We're not Amays-ed to hear of M&A interest

Press reports indicate that potential acquirers are eyeing off digital-first mobile telephone and energy retailer Amaysim (ASX code: AYS) - either to buy it all or to split mobile and energy.

The Australian says here that "private equity firm Anchorage Capital Partners is the latest group to kick the tyres on Amaysim, which has been under scrutiny from other buyout funds and even telco Optus". It goes on to add that "at least one group" is considering buying both Amaysim and the retail arm of Vocus.

Equitable Investors Dragonfly Fund owns shares in Amaysim and wrote about it as a likely M&A candidate in our last monthly update.

Here's what we wrote:

Amaysim (AYS) is deliberately investing in building out its customer base to put in the best position to negotiate supply terms but we think that at the same time it will be making itself more attractive to acquirers. AYS has just under one million mobile subscribers as well as 203,000 energy customers. 

Its market cap of $117m and $26m net debt is supported by EBITDA guided by the company to be in the range of $33m to $39m - implying that the enterprise value is 4.3x or lower and currently reflects ~ $120 per account. iSelect spent $118 per acquired customer in the 2019 financial year and in its Energy and Telco segment received revenue of $247 per sale from competitors of AYS - that tends to suggest that buying AYS would be excellent value for an industry player.

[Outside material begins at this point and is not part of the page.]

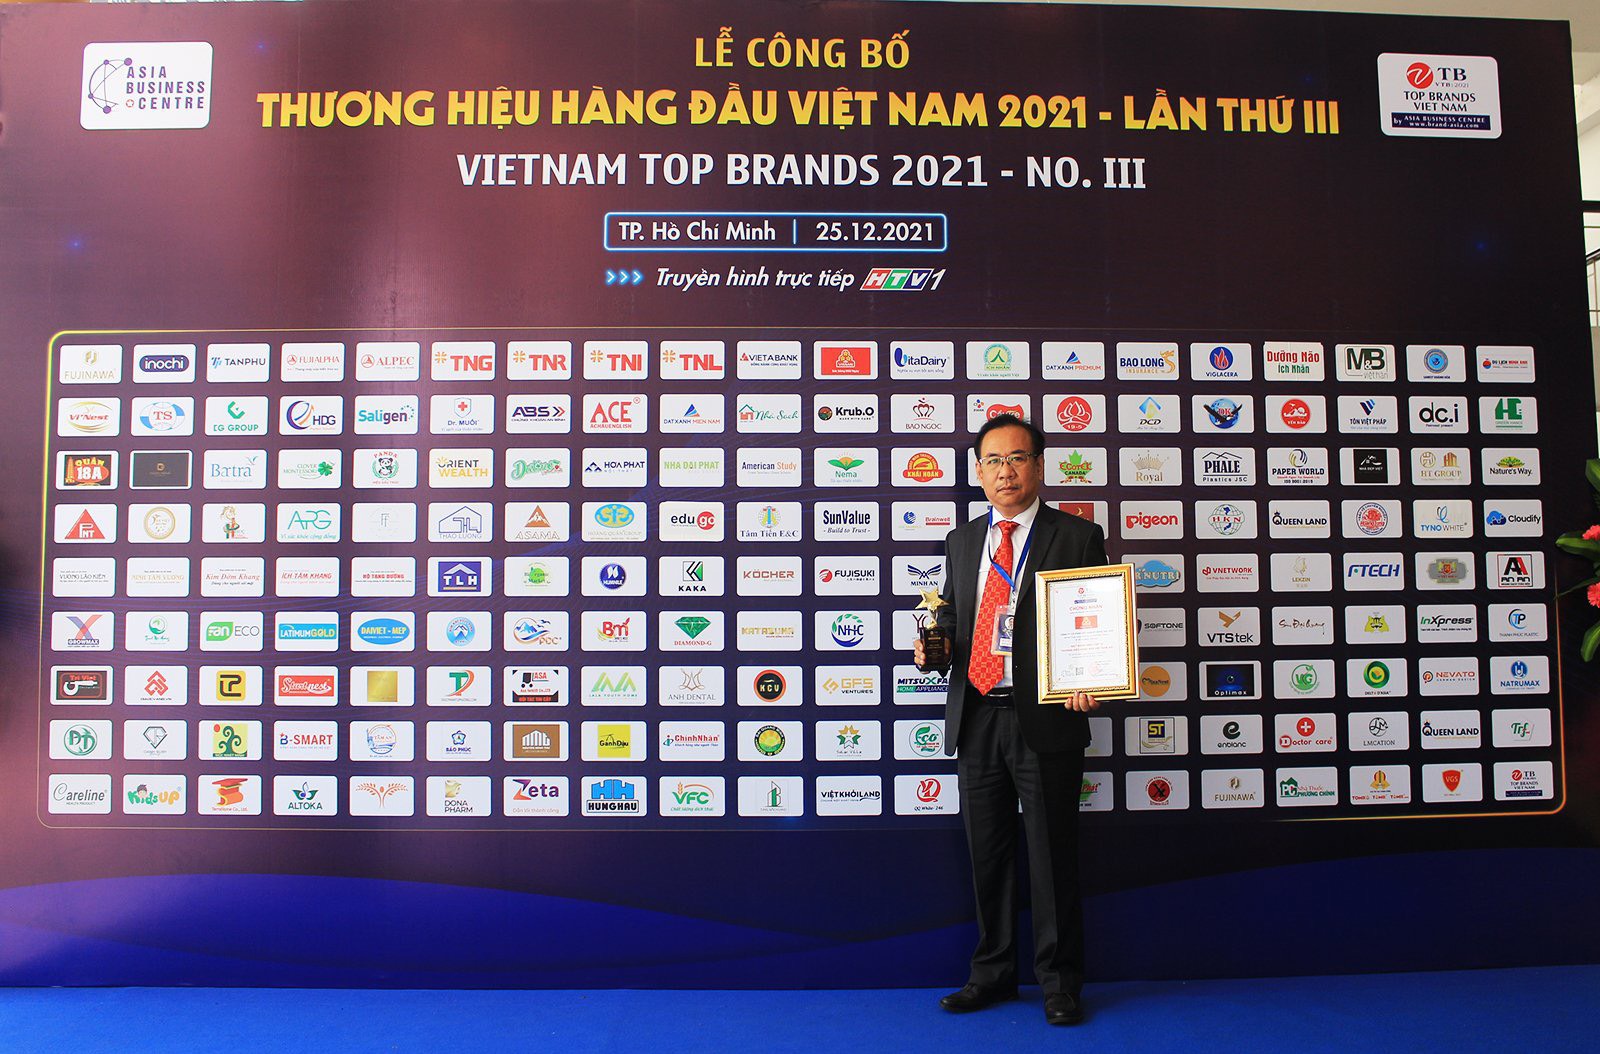 Công ty VISSAN vinh dự đạt danh hiệu “Top 10 Thương Hiệu Hàng Đầu Việt Nam” cùng danh hiệu “Nhà lãnh đạo tiêu biểu Việt Nam năm 2021” được trao tặng cho ông Nguyễn Ngọc An - Tổng Giám đốc Công ty VISSAN.
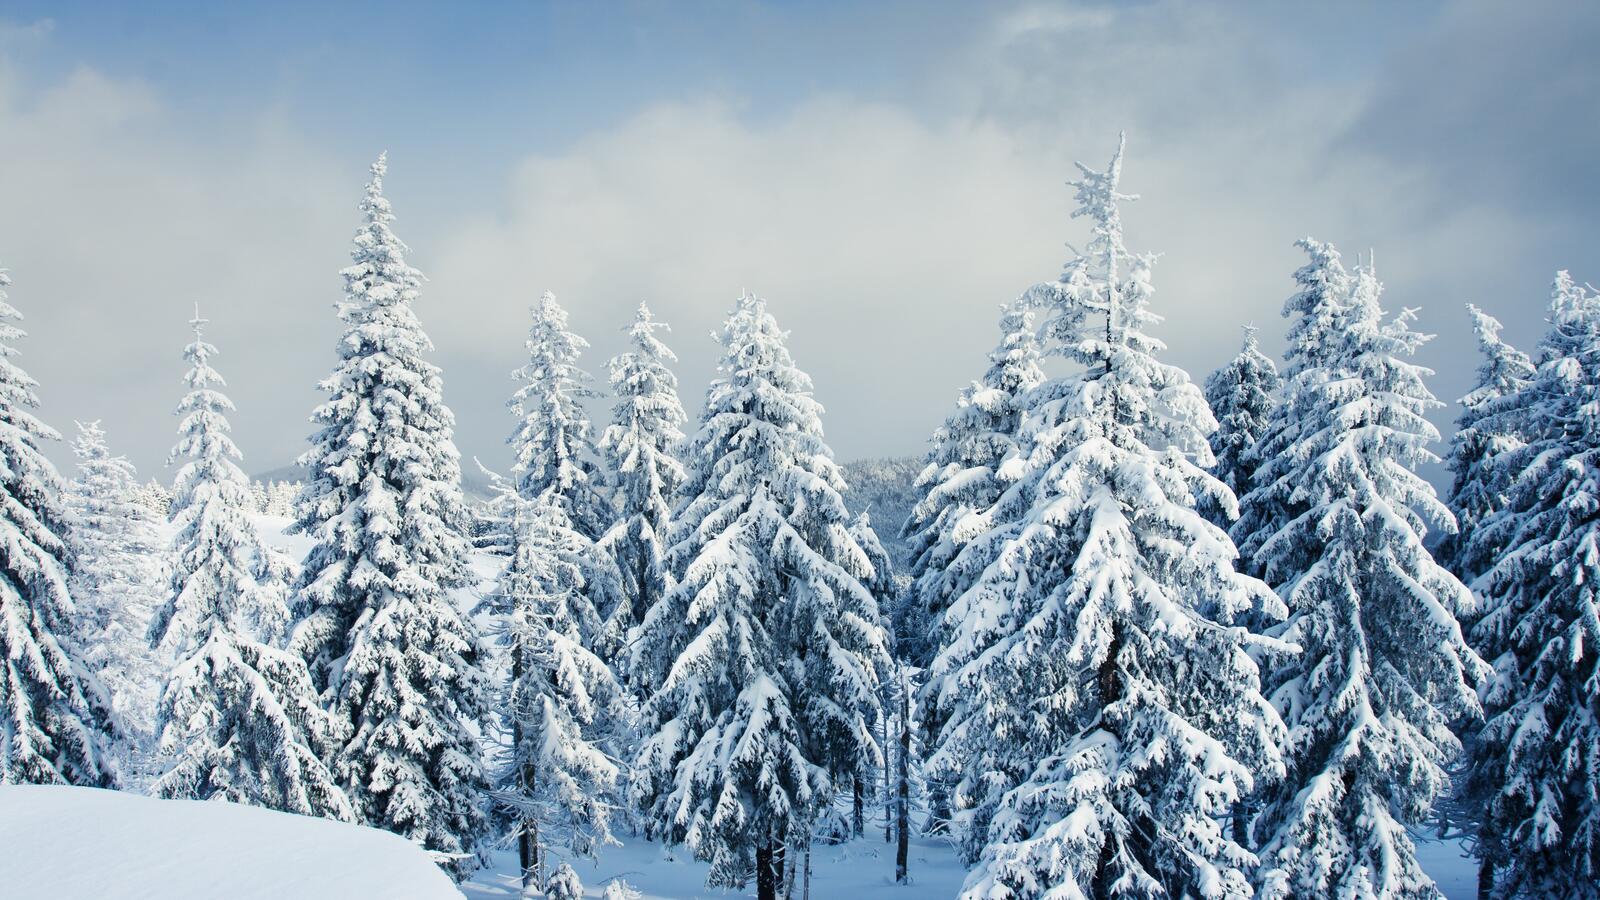 Обои елки в снегу сугробы зимний пейзаж на рабочий стол

Note its market cap has nudged up to $123m at the time this post was written.

And we included this chart contrasting its Enterprise Value per subscriber and revenue per subscriber with what iSelect is paid per sale it generates for other telco and energy retailers:

We also wrote about Amaysim more generally as a positive contributor to the Dragonfly Fund in the month of October:

Mobile phone and energy provider Amaysim (AYS) was the other key positive performer for the month. It held an uneventful AGM and, having been one of the Fund’s worst performers a month earlier, appeared simply to be bouncing back on improved demand. An interview late in the month by Alan Kohler with AYS chairman Andrew Reitzer is an interesting read for those who can access this link. Mr Reitzer commented: “I think it’s a magnificent business, I think it’s greatly undervalued but people make up their own minds what the share price should be. It’s another two to three years journey until that valuation event is realised.”